- Opening Delimiter -
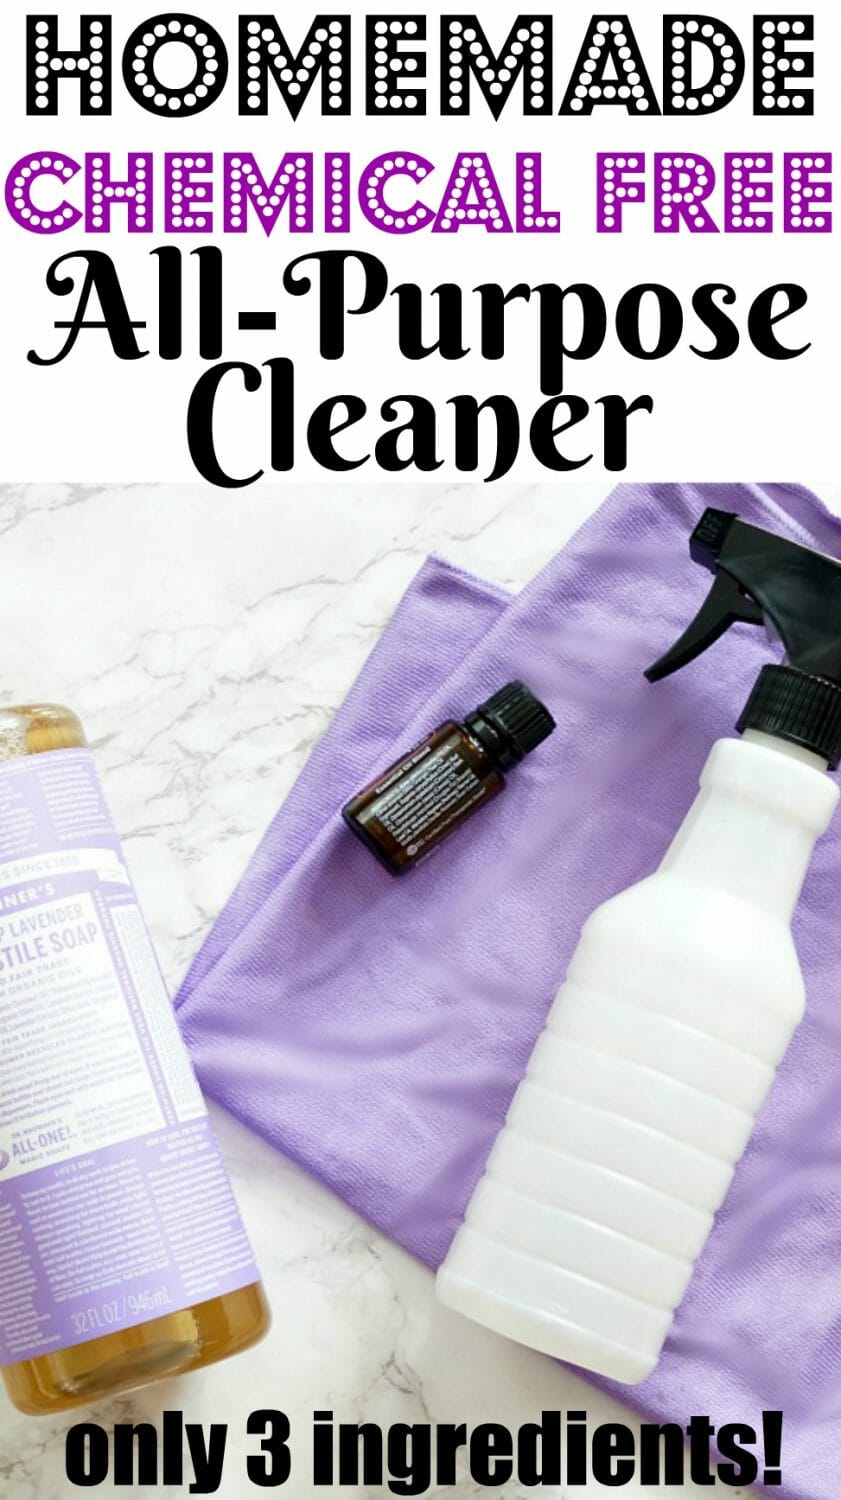 Quick Tip Tuesday: How to Make Homemade Chemical Free All-Purpose Cleaner with only 3 ingredients!
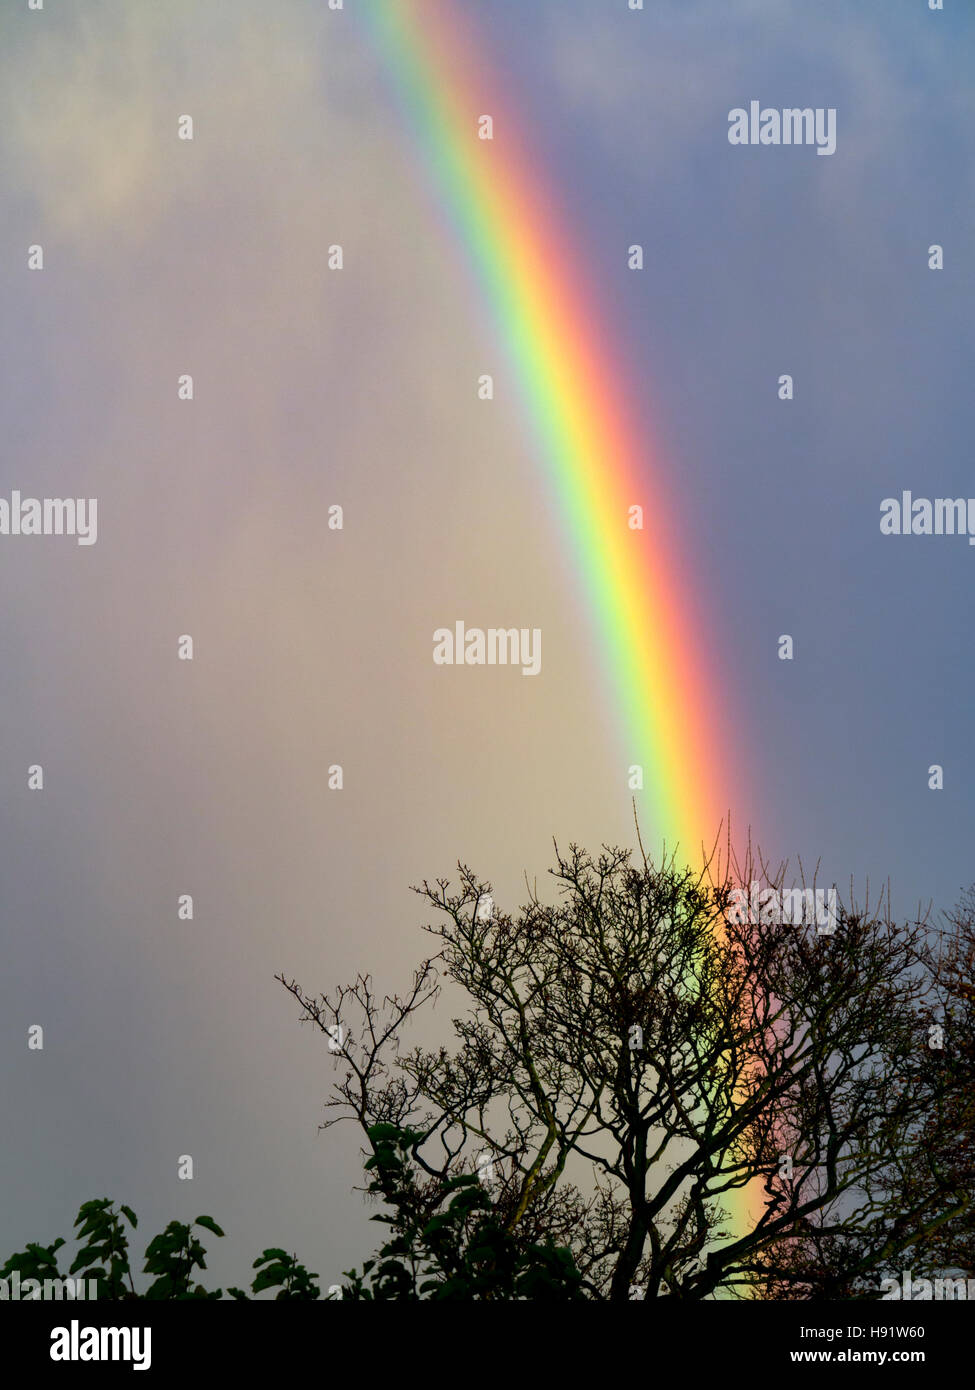 A vivid section of a rainbow behind a leafless tree top with stormy sky Stock Photo
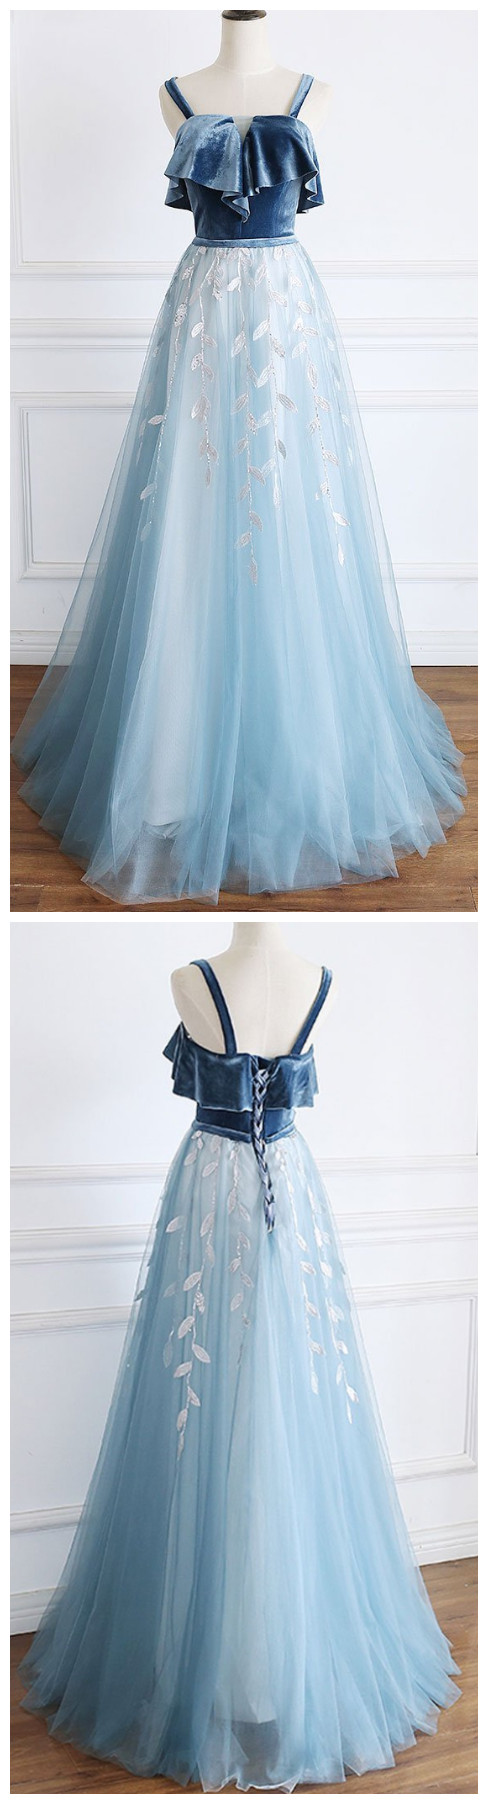 Tulle Lace Long Prom Dress, Blue Lace Formal Dress,evening Dress
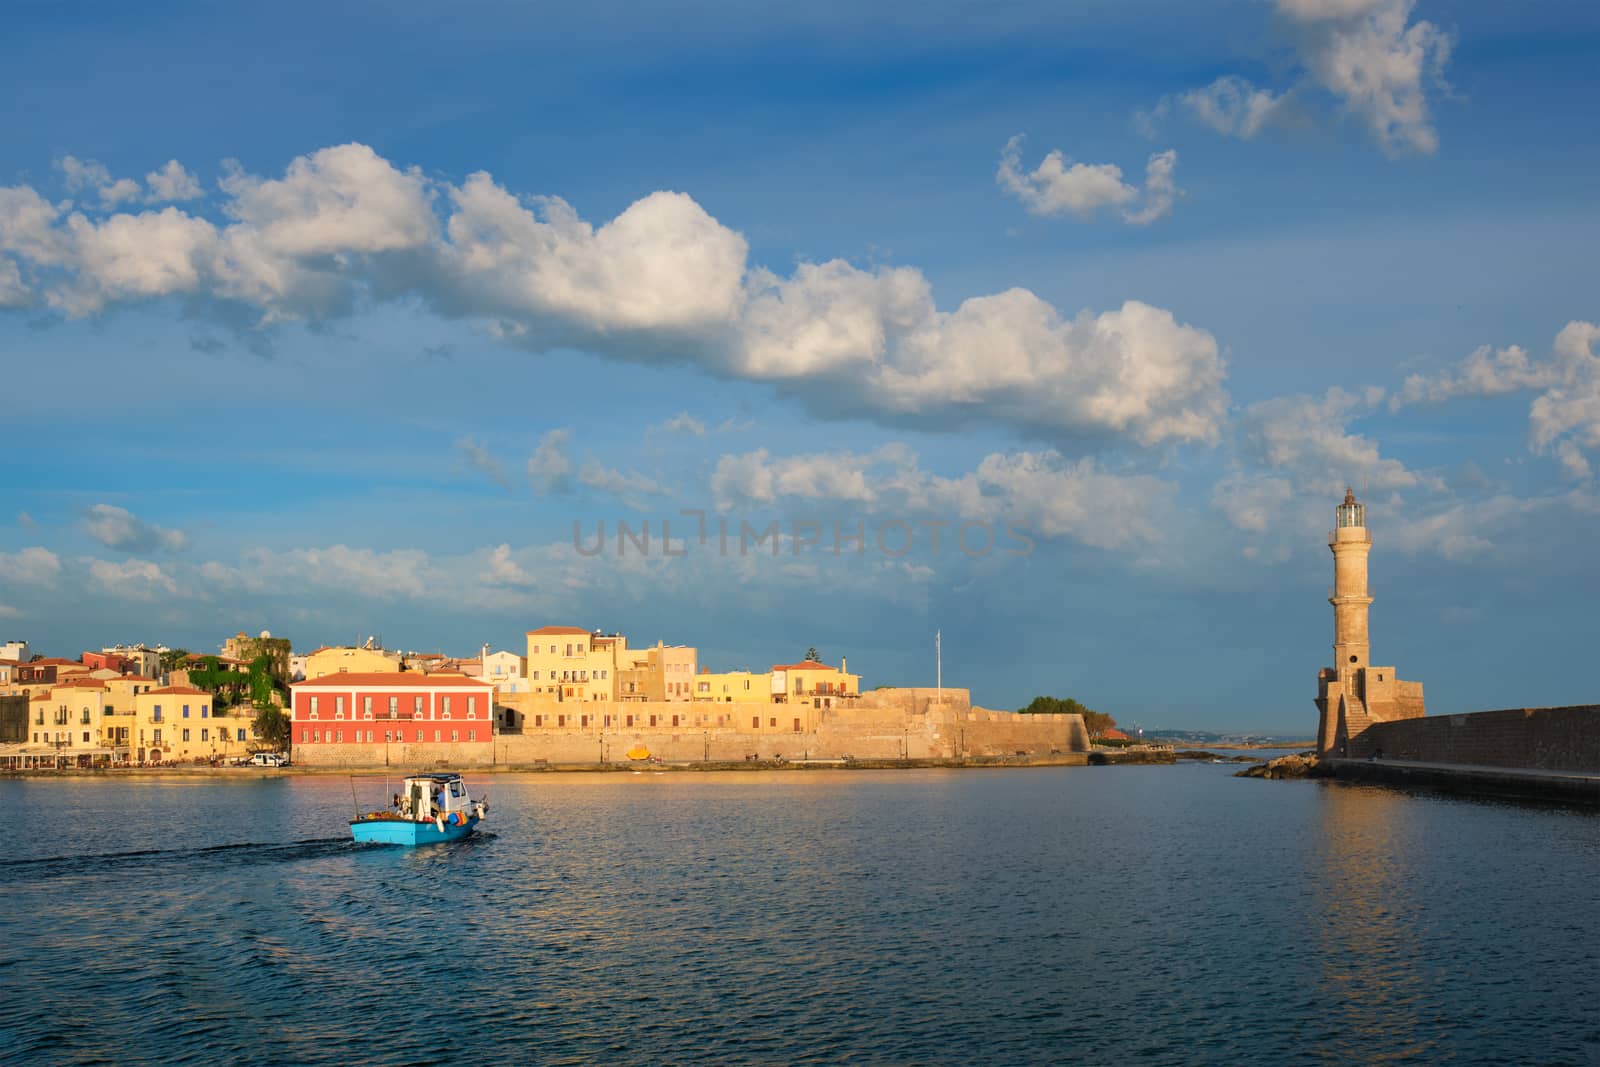 Boat in picturesque old port of Chania, Crete island. Greece by dimol
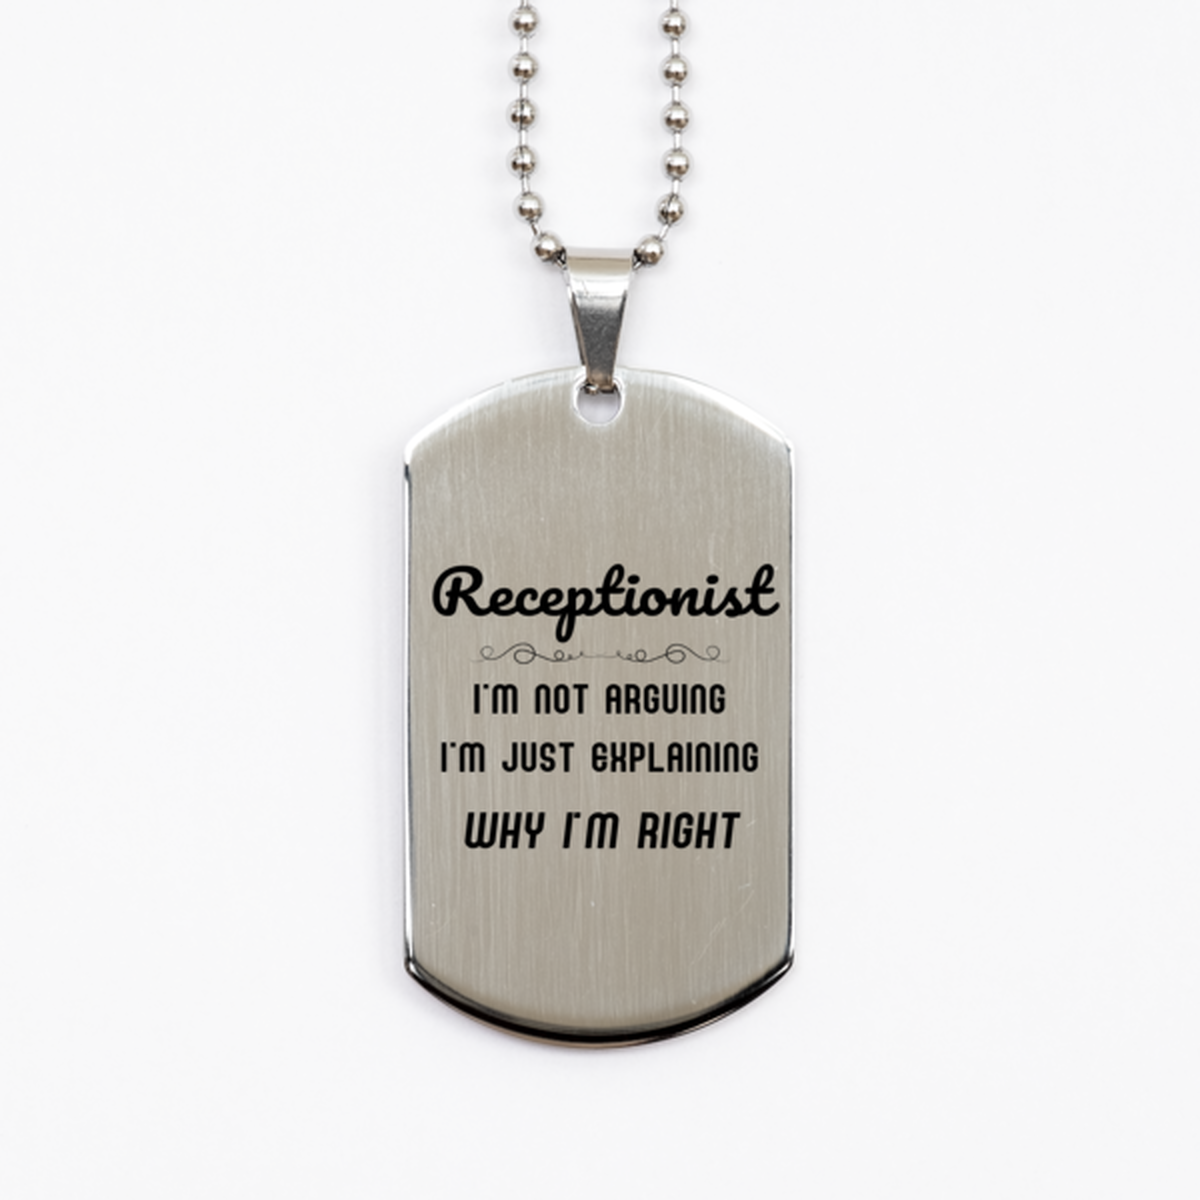 Receptionist I'm not Arguing. I'm Just Explaining Why I'm RIGHT Silver Dog Tag, Funny Saying Quote Receptionist Gifts For Receptionist Graduation Birthday Christmas Gifts for Men Women Coworker
- Closing Delimiter -
Assignment:
Write the lines from the one containing "A vivid section" through the end of the data above exactly as they appear, and do not carry over any picture.

Output below:
 A vivid section of a rainbow behind a leafless tree top with stormy sky Stock Photo
 Tulle Lace Long Prom Dress, Blue Lace Formal Dress,evening Dress
 Boat in picturesque old port of Chania, Crete island. Greece by dimol
 Receptionist I'm not Arguing. I'm Just Explaining Why I'm RIGHT Silver Dog Tag, Funny Saying Quote Receptionist Gifts For Receptionist Graduation Birthday Christmas Gifts for Men Women Coworker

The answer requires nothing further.